10% of data is included into second data test set

In [None]:
result

In [49]:
second_data_forget = []
second_label_forget = []
for element in second_data_train:
  second_data_forget.append(element)
for element in result:
  second_data_forget.append(first_data[element])
for element in second_label_train:
  second_label_forget.append(element)
for element in result:
  second_label_forget.append(first_label[element])

second_data_forget = np.array(second_data_forget)
second_label_forget = np.array(second_label_forget)

# train on the second dataset and check the test accuracy
model = SimpleCNN_Sam()
train_acc = []
test_acc = []
train(model, second_data_forget, second_label_forget, second_data_test, second_label_test, train_acc, test_acc, 5)
model.evaluate(second_data_test, second_label_test, verbose=2)

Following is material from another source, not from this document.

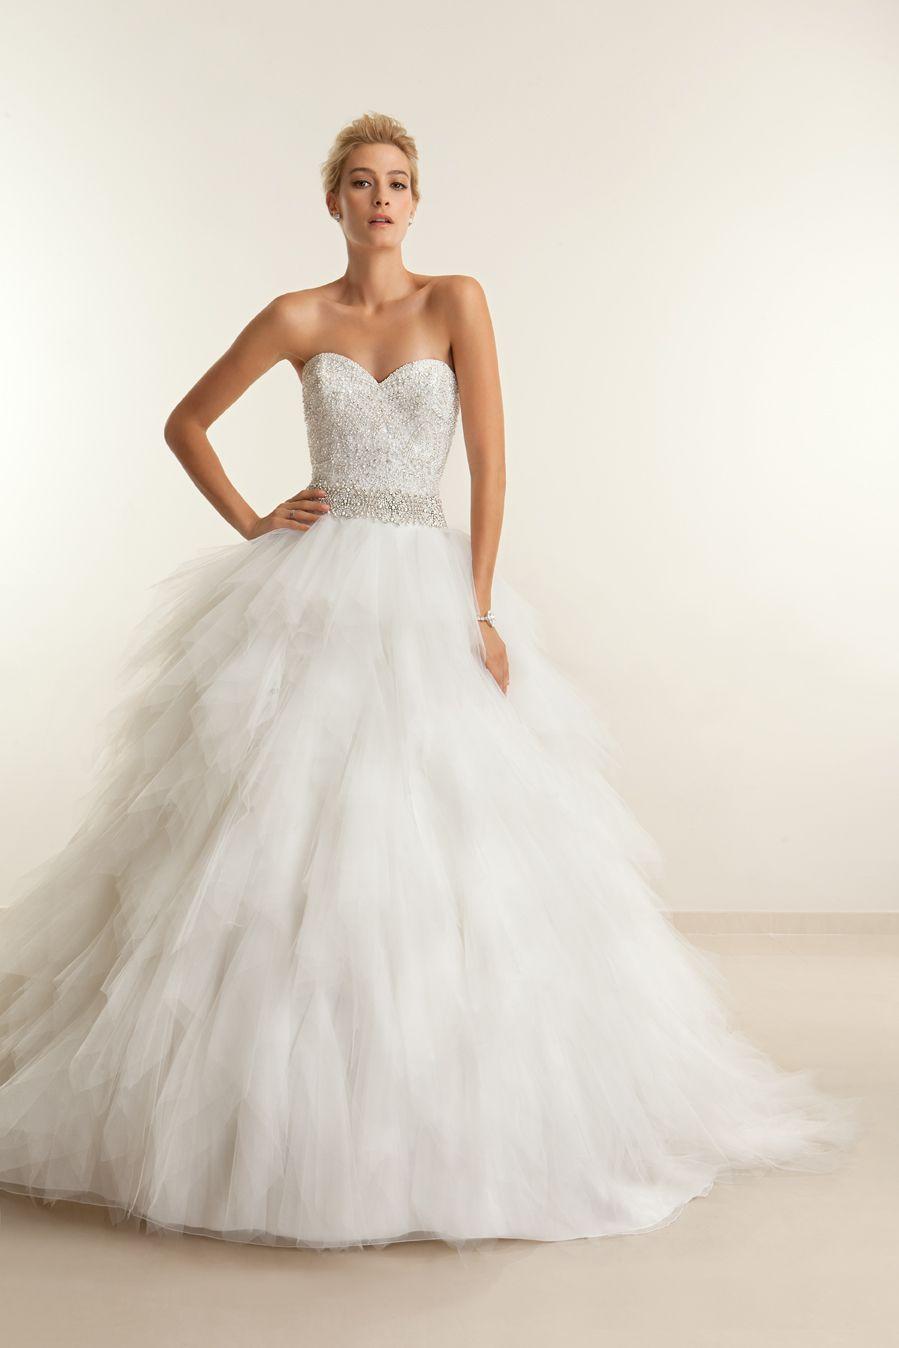 Demetrios platinum dp315 wedding dress expert wedding demetrios platinum dp315 wedding dress expert ombrellifo Images
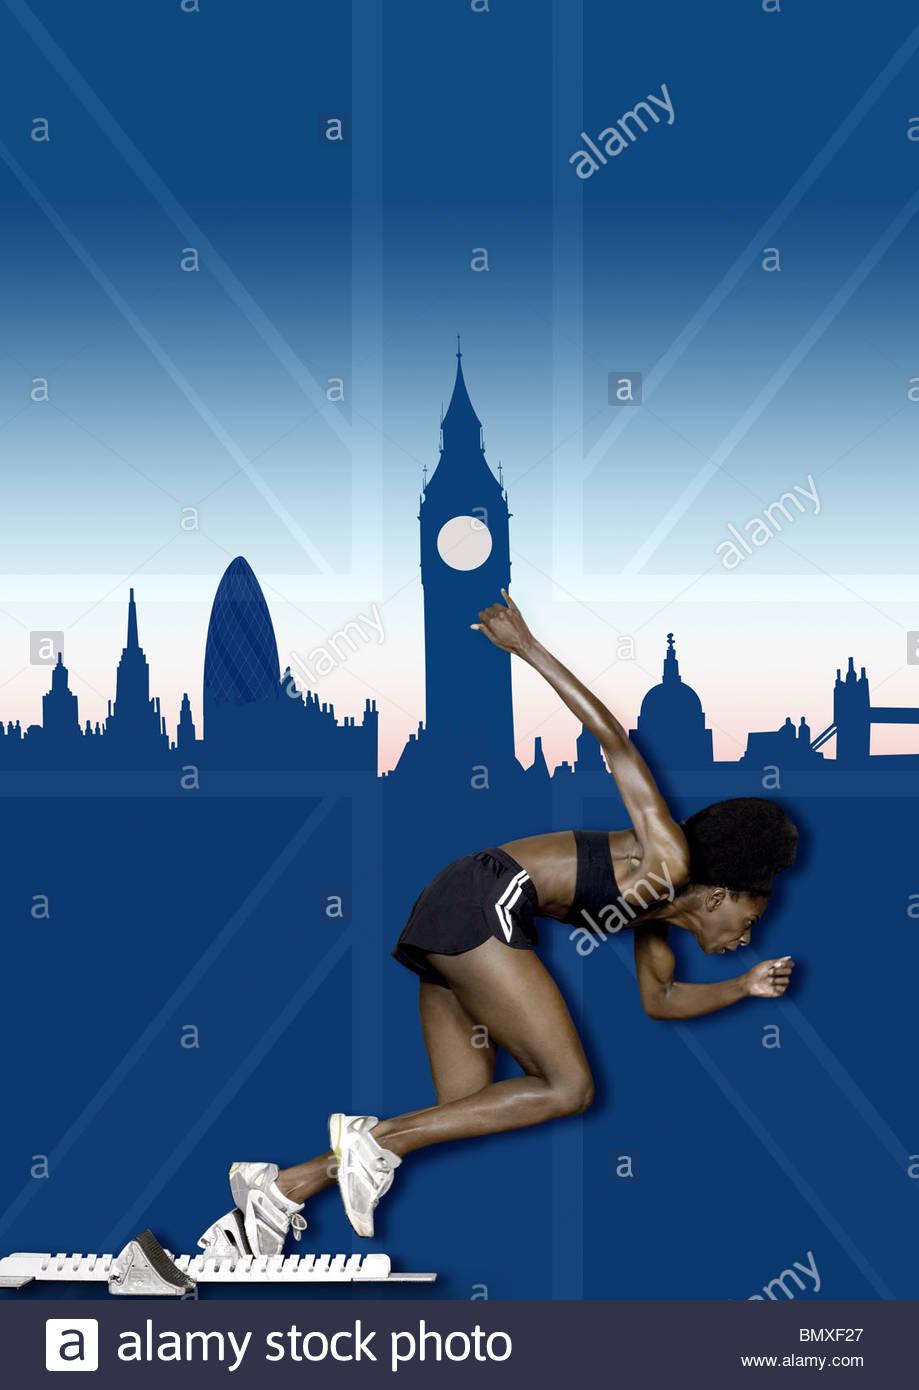 Athlete and london skyline - Stock Image

188/188 - 1s - loss: 1.7917 - accuracy: 0.2975 - 1s/epoch - 5ms/step
188/188 - 1s - loss: 1.3750 - accuracy: 0.4572 - 938ms/epoch - 5ms/step
188/188 - 1s - loss: 1.0074 - accuracy: 0.6073 - 912ms/epoch - 5ms/step
188/188 - 1s - loss: 0.3727 - accuracy: 0.9013 - 913ms/epoch - 5ms/step
188/188 - 1s - loss: 0.2549 - accuracy: 0.9353 - 909ms/epoch - 5ms/step
188/188 - 1s - loss: 0.2549 - accuracy: 0.9353 - 919ms/epoch - 5ms/step


[0.2549079358577728, 0.9353333115577698]

This time, the accuracy improved to 93.5%!